Well that is sorta what we do, in class we go through the form in a matter of minutes so the teacher has time to see what us students are doing but we are encouraged to do it at home in  long slow sets


----------



## ed-swckf (Sep 26, 2004)

spatulahunter said:
			
		

> Well that is sorta what we do, in class we go through the form in a matter of minutes so the teacher has time to see what us students are doing but we are encouraged to do it at home in long slow sets


good stuff, yeah we will do the form at club speed for the most part but then once in a while out of the blus will come a long session on form so  if you haven't been training at home you will really suffer in class.


----------



## brothershaw (Oct 31, 2004)

I would say you should probably spend 30% of the amount of time spent on chi sau on sparring. Chi sau is great, and a great exercise but on the odd chance you wind up in a fight it will be closer to sparring than to chi sau unless you get lucky and fight another wing chun guy who wants to settle it with chi sau, lol. 
  Seriusly though in a fight someone will come at you with speed and energy more similiar to a sparring situation so a good amount of time should be devoted to it.


----------



## Flash25 (Oct 31, 2004)

Keep in mind the purpose of both training methods. Chi-sau helps you develop the feeling, and reactions necessary to apply all of your techniques. 

Sparring gets you used to the engagement. Your timing and ability to close the distance between you and your opponent, with control, are honed here.

To put it all in perspective, it takes hours and hours of chi-sau training just to prepare yourself for the split-second you and your opponent make contact.

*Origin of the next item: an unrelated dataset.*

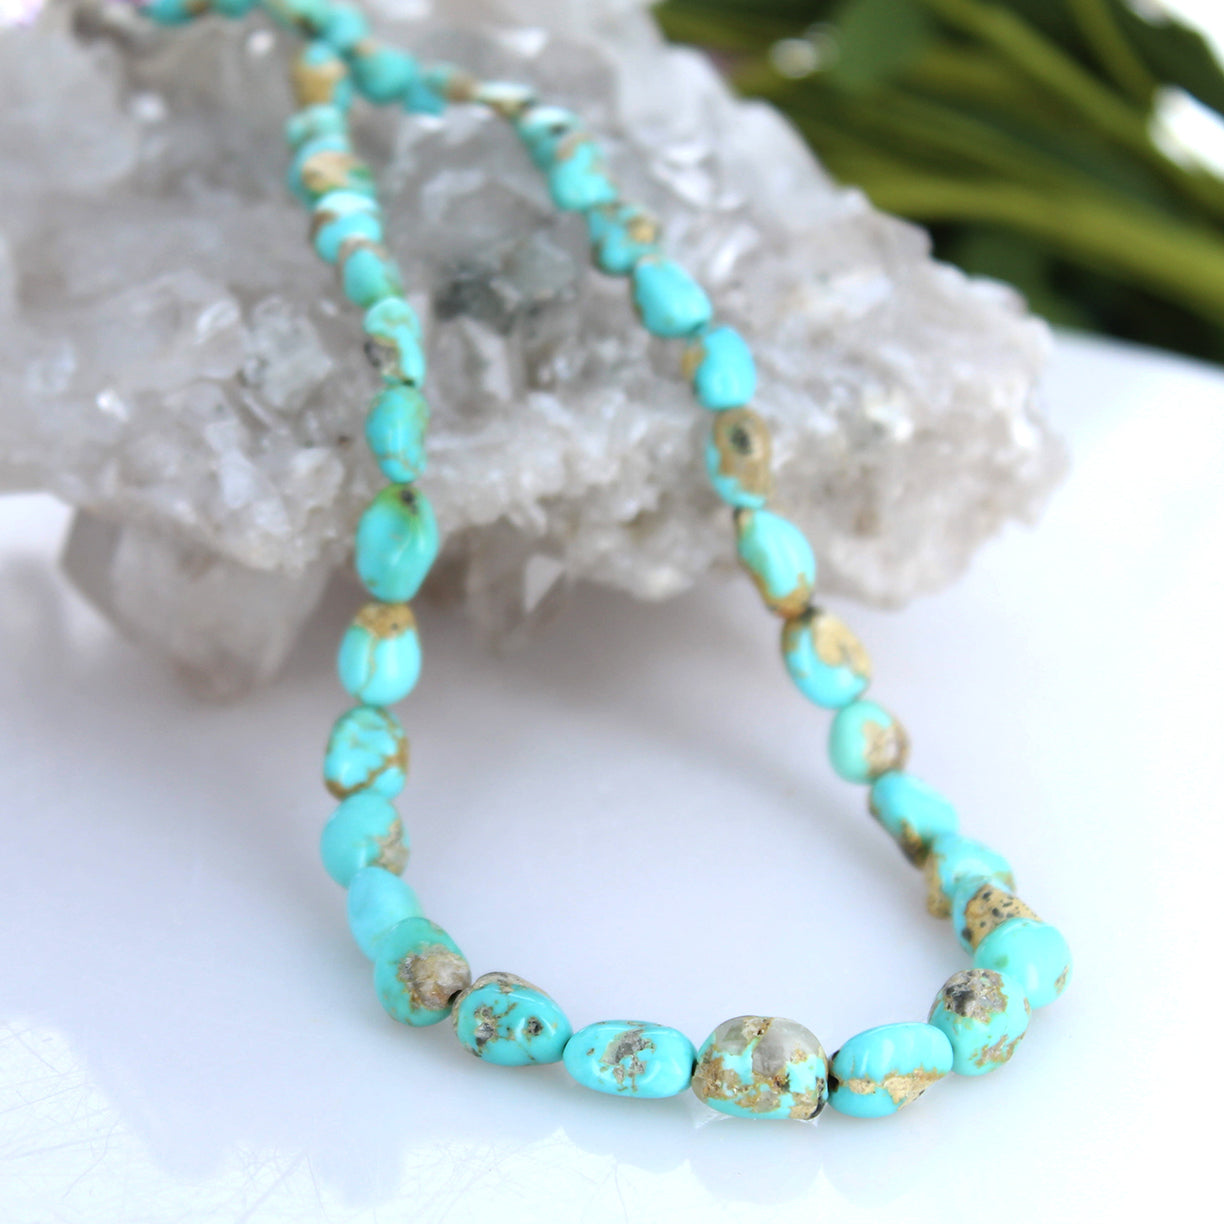 Sonoran Gold Turquoise Beads Bright Blue 8-12mm 16"
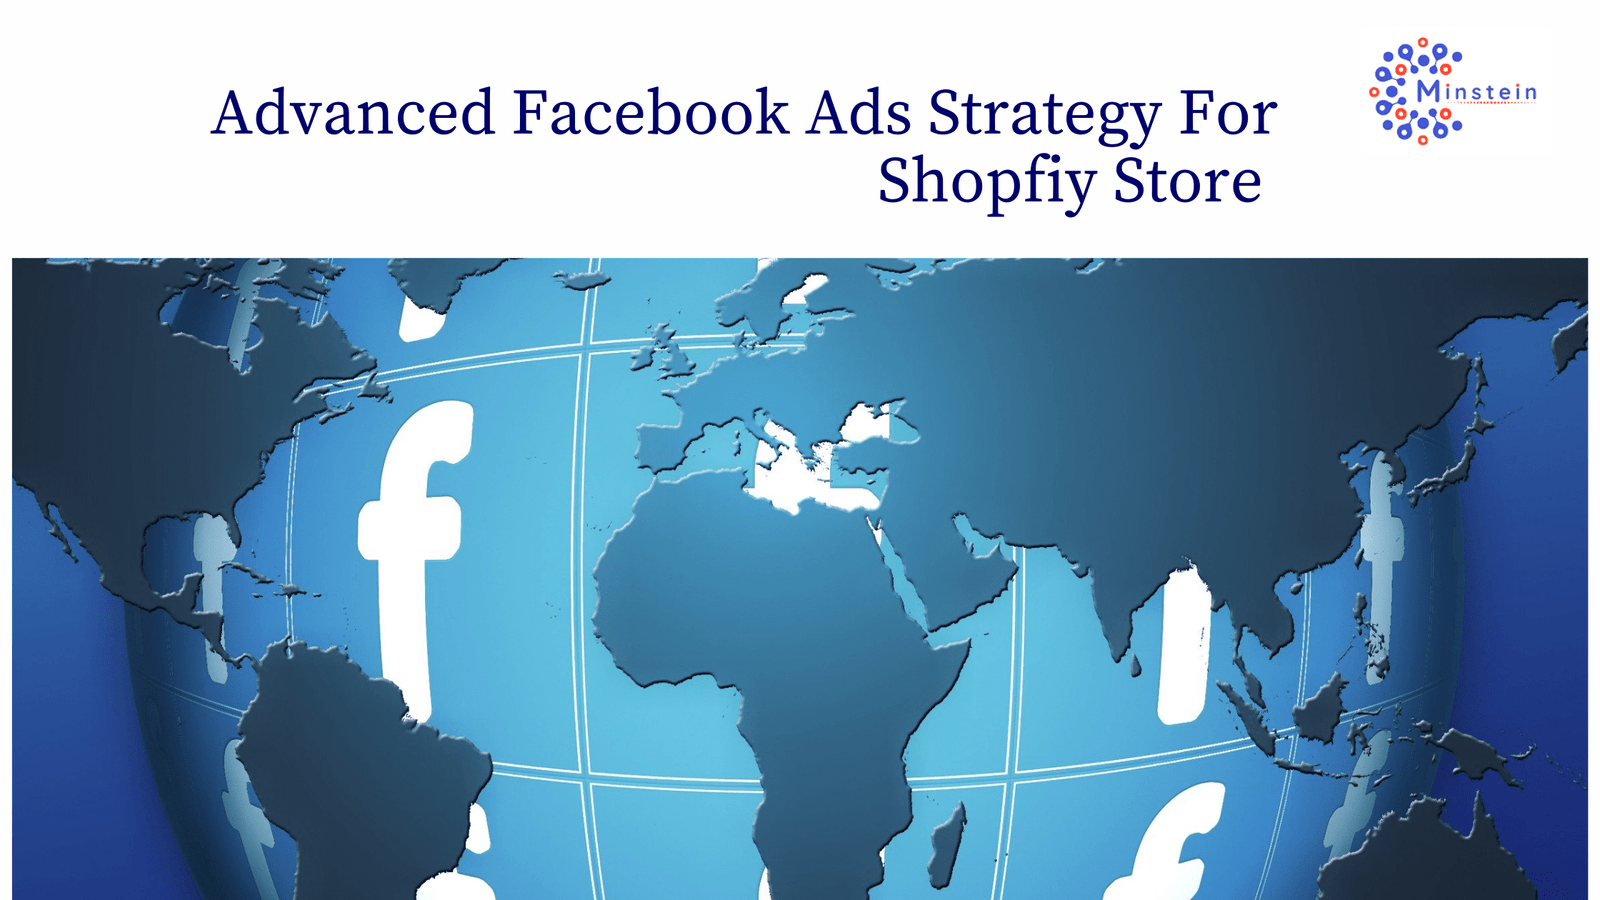 Advanced Facebook Ads Strategy For Shopfiy Store

If you have trained your chi-sau correctly, you will react accordingly.

My advice would be to work on your chi-sau daily, or as often as possible, and spar a couple time a week to see exactly how well you can apply your chi-sau reactions in a practical setting.


----------



## Flash25 (Oct 31, 2004)

One note on the Biu-Tze. In Leung Ting Wing Tsun the Biu-Tze requires a lot of control, and should not be attempted unless you have trained chi-sau for a while and are quite competant. Also remember that this form was originally a bit of a secret form and contains some very deadly techniques, that is no joke. People have been known to get hurt because they tried to use a Biu-Tze technique and did not have the proper control.


----------



## Hung Fa Moose (Oct 31, 2004)

Spatula, 

What are your goals/motives for your Wing Chun training? The answer to this will help guide your practices more directly, providing you with some focus.


----------